#### EXERCISE
Look through the entries below and copy exactly the part that begins with the line containing "Angels vs Mariners" and ends with the line containing "Wandersong Free Download". Do not copy the pictures.
[STUDY MATERIAL]
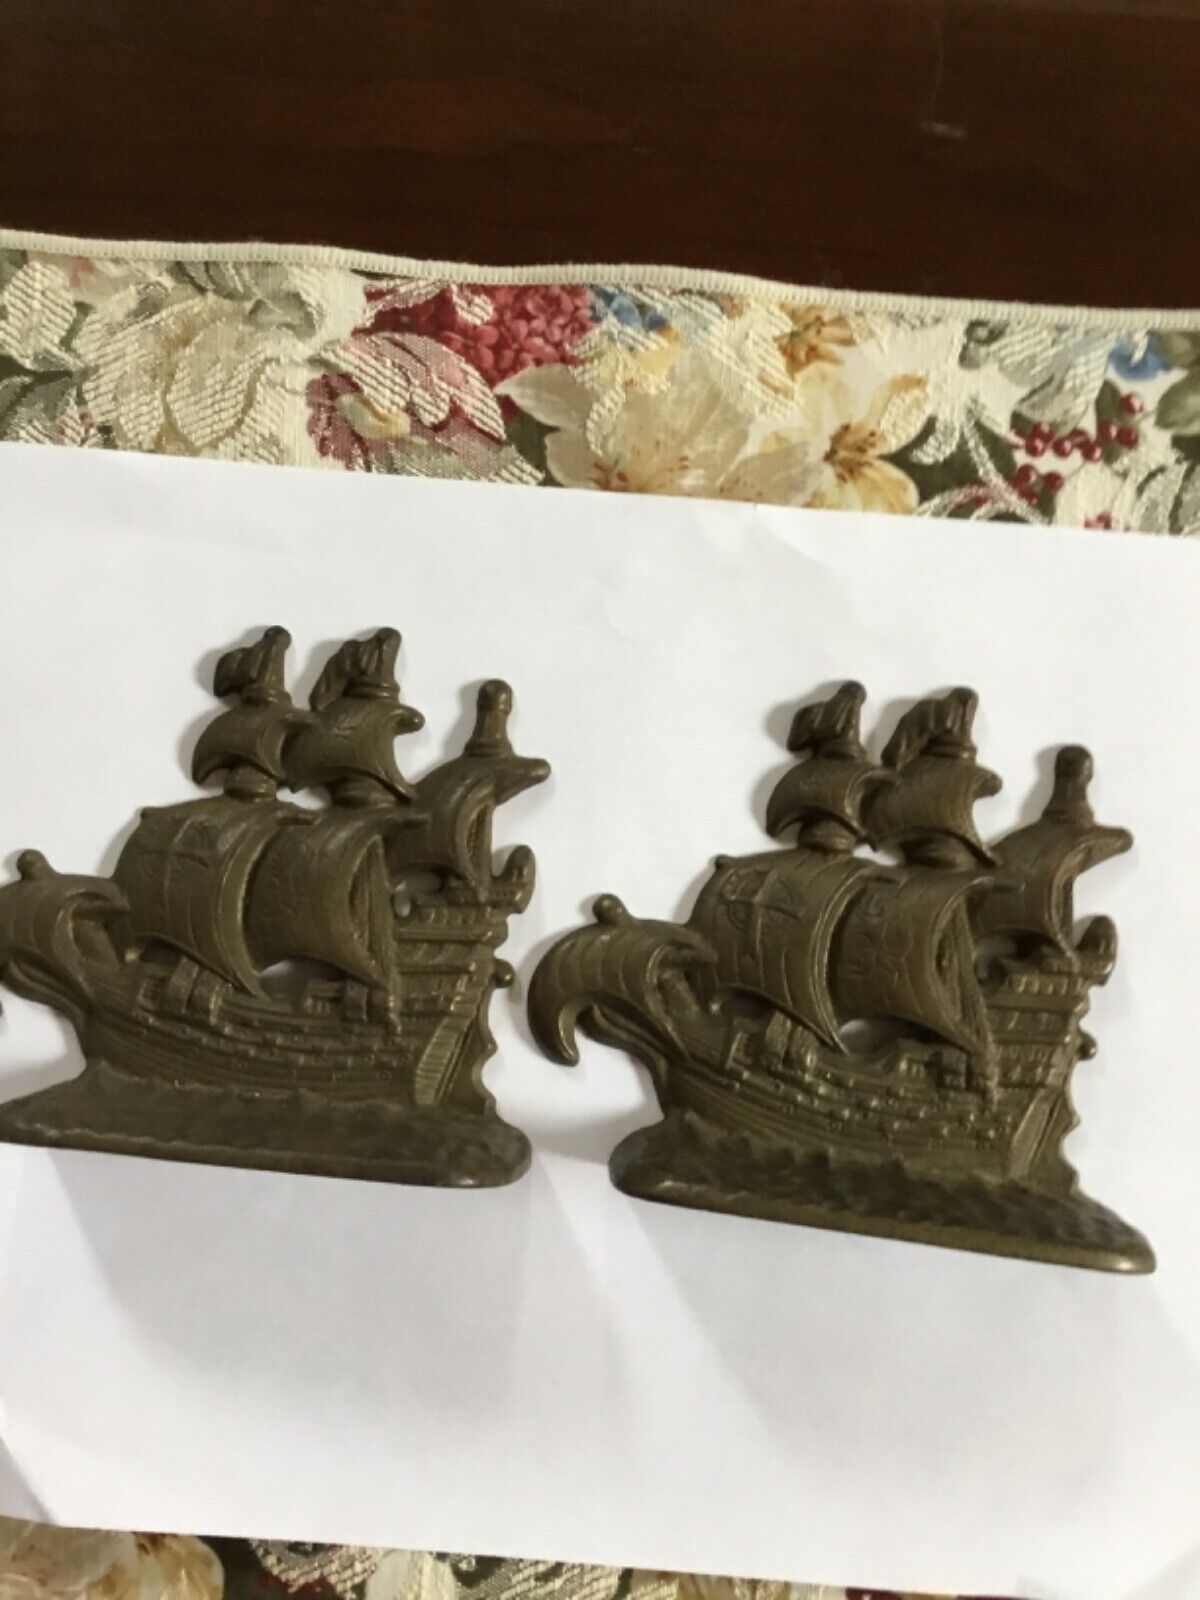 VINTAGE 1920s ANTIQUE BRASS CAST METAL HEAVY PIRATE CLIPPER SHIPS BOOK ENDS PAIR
[/STUDY MATERIAL]
[STUDY MATERIAL]
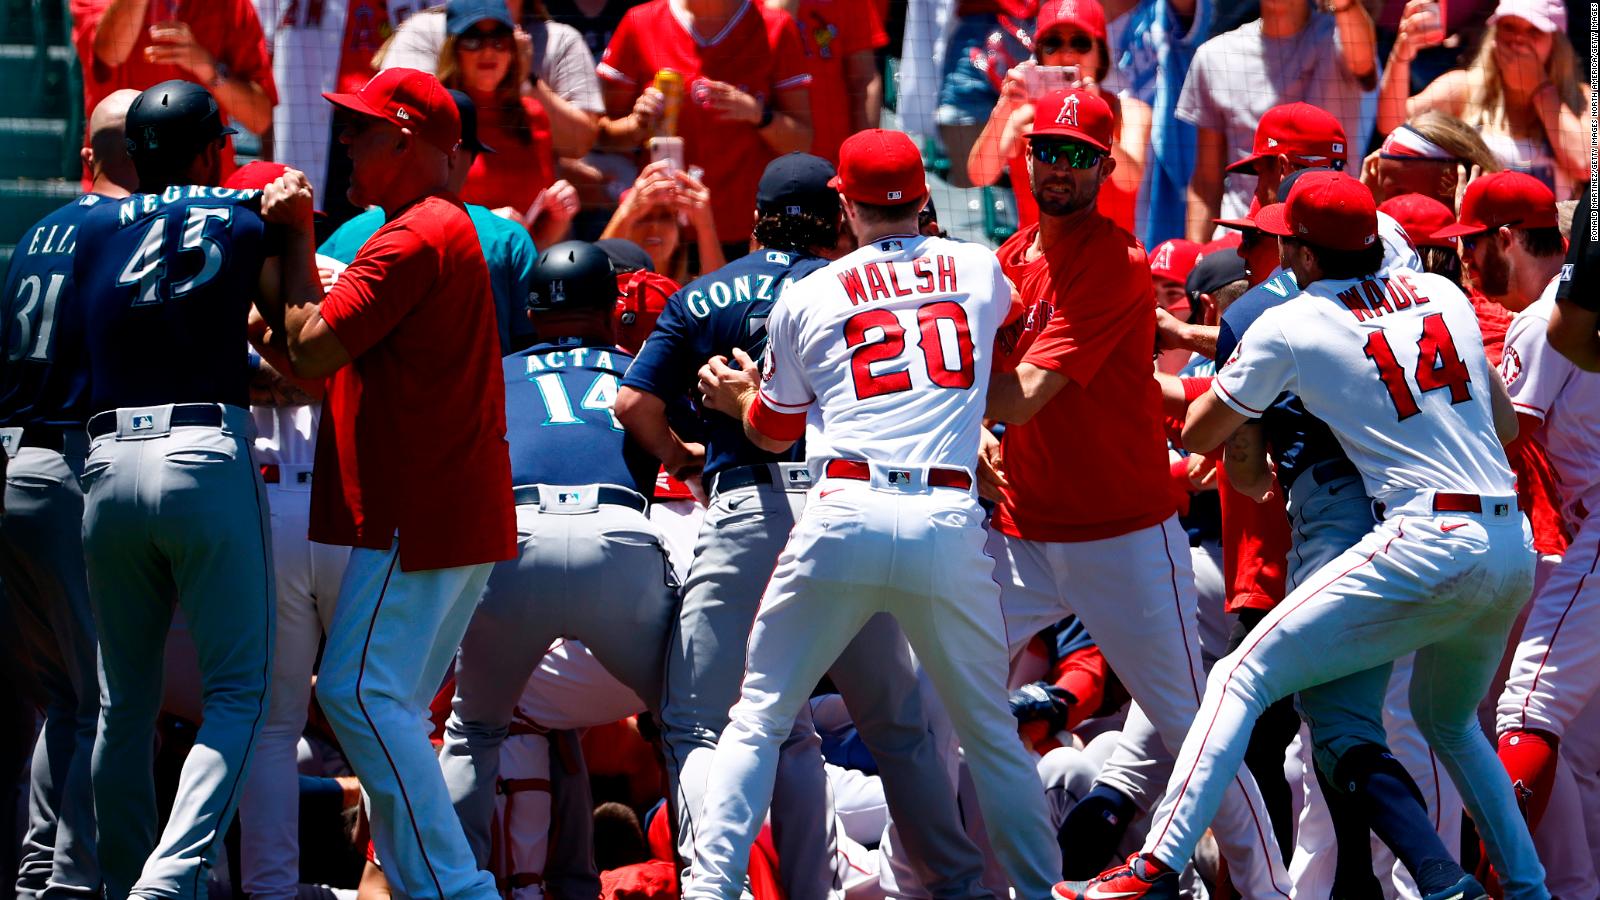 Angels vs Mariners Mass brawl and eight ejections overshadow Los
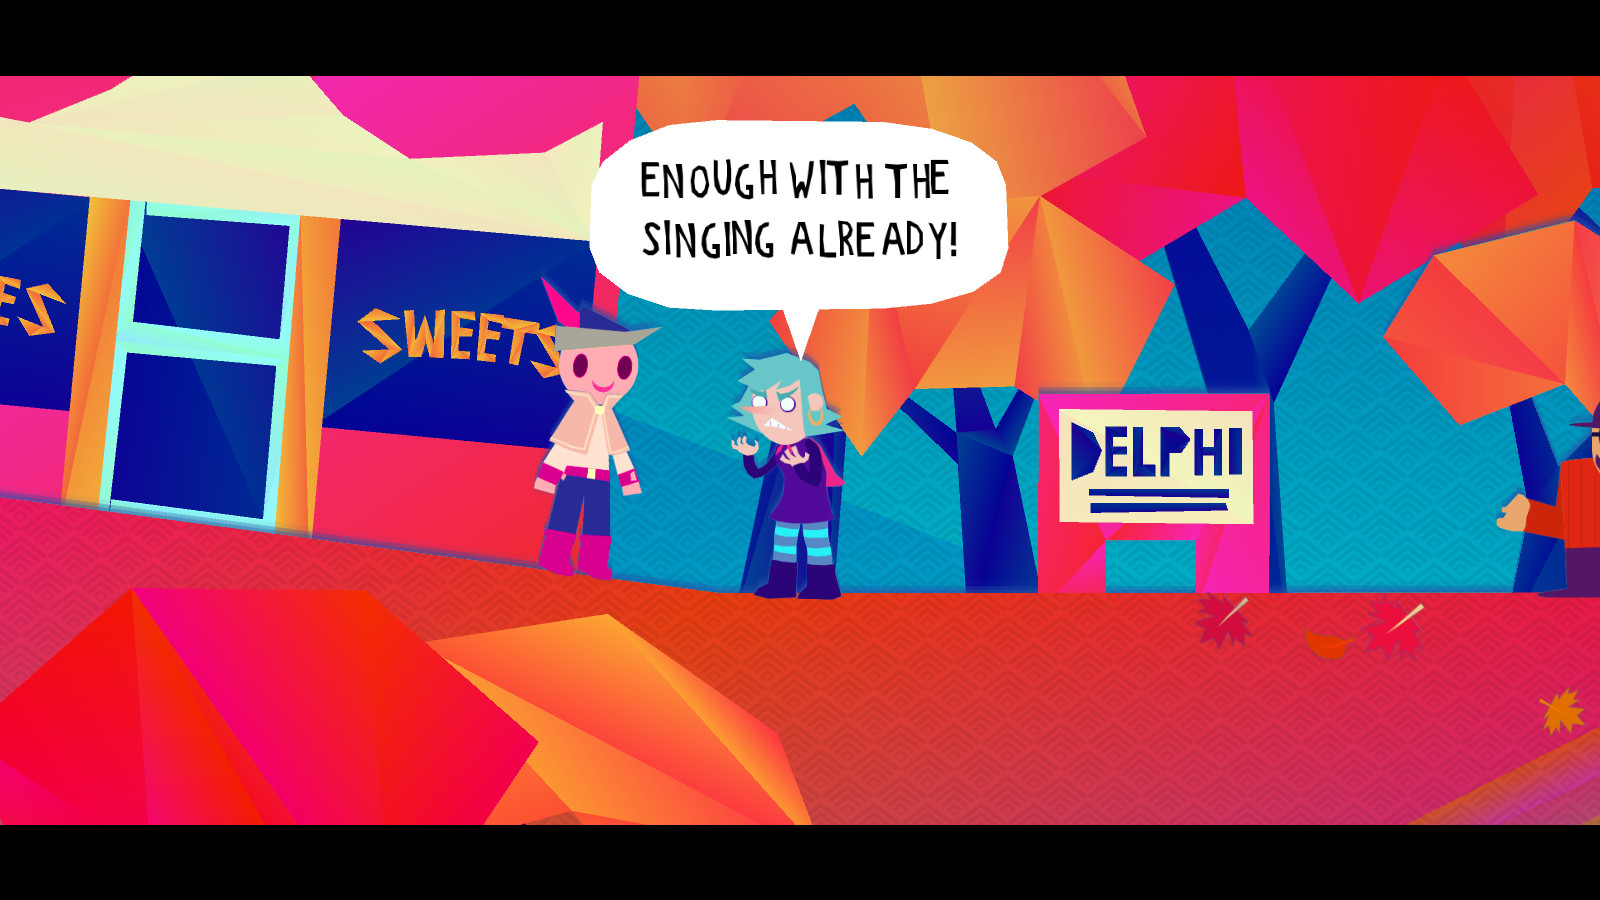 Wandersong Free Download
[/STUDY MATERIAL]
[STUDY MATERIAL]
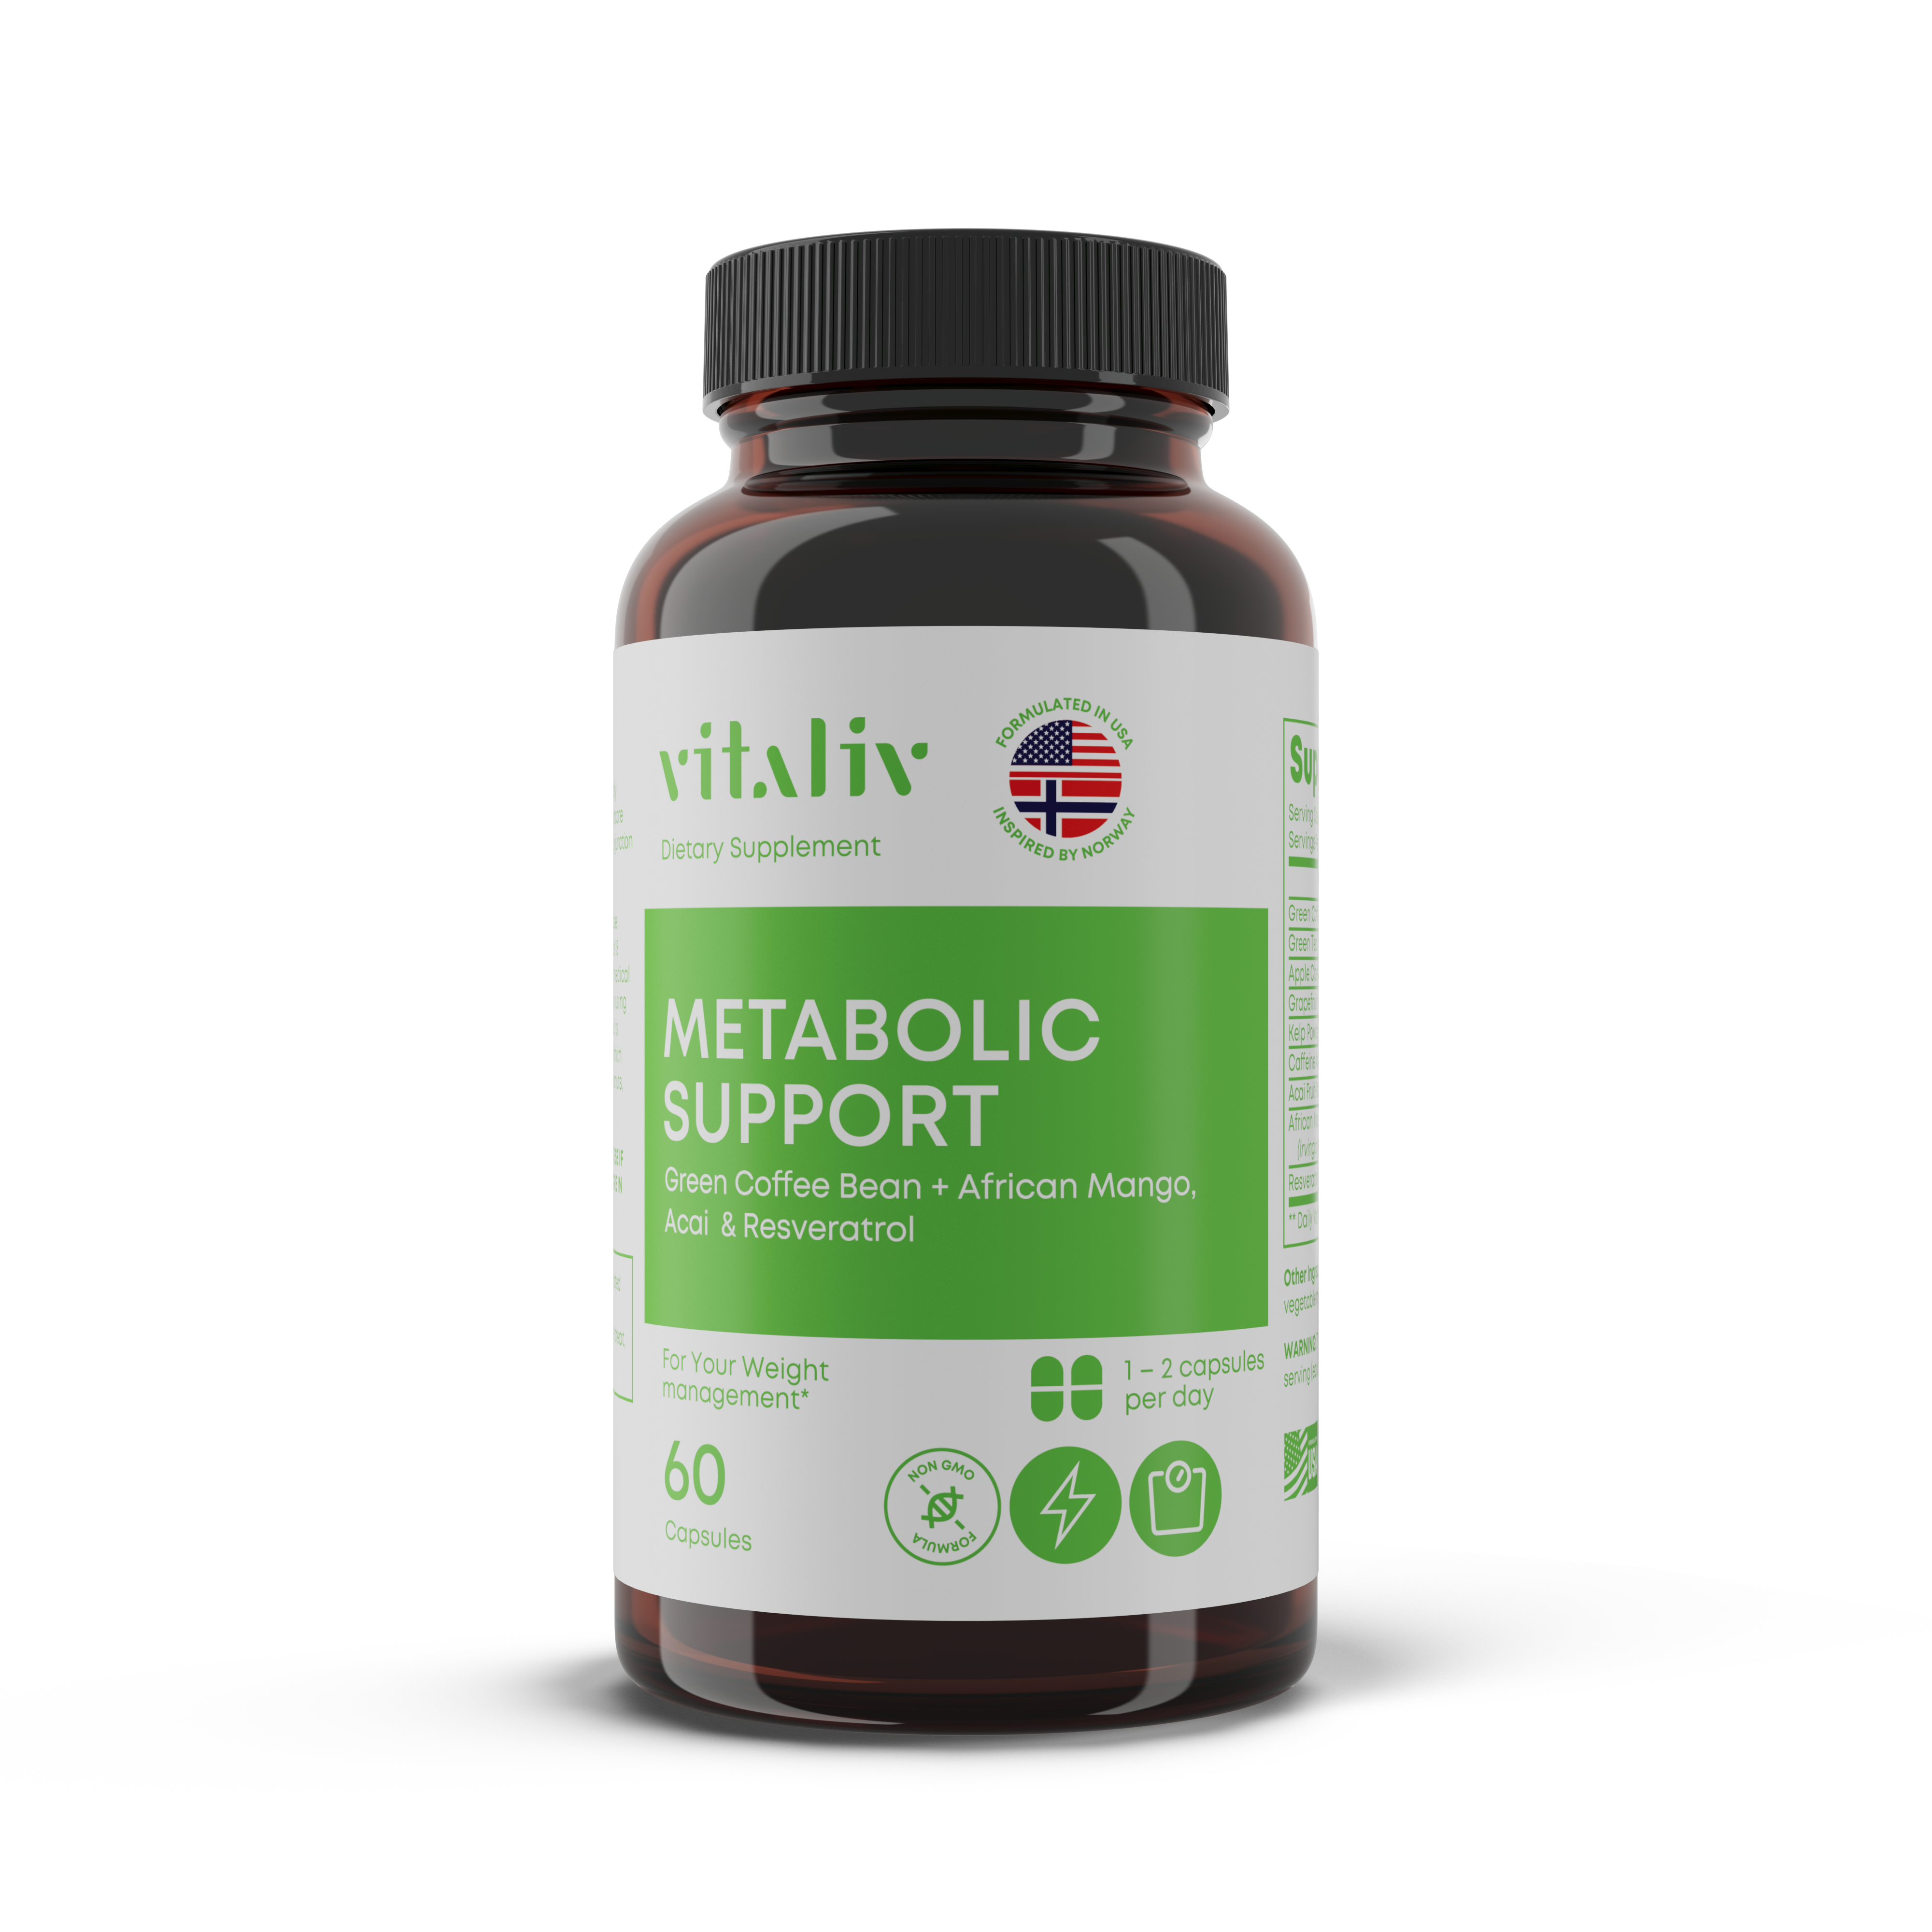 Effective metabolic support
[/STUDY MATERIAL]
#### RESPONSE TO THE TASK
 Angels vs Mariners Mass brawl and eight ejections overshadow Los
 Wandersong Free Download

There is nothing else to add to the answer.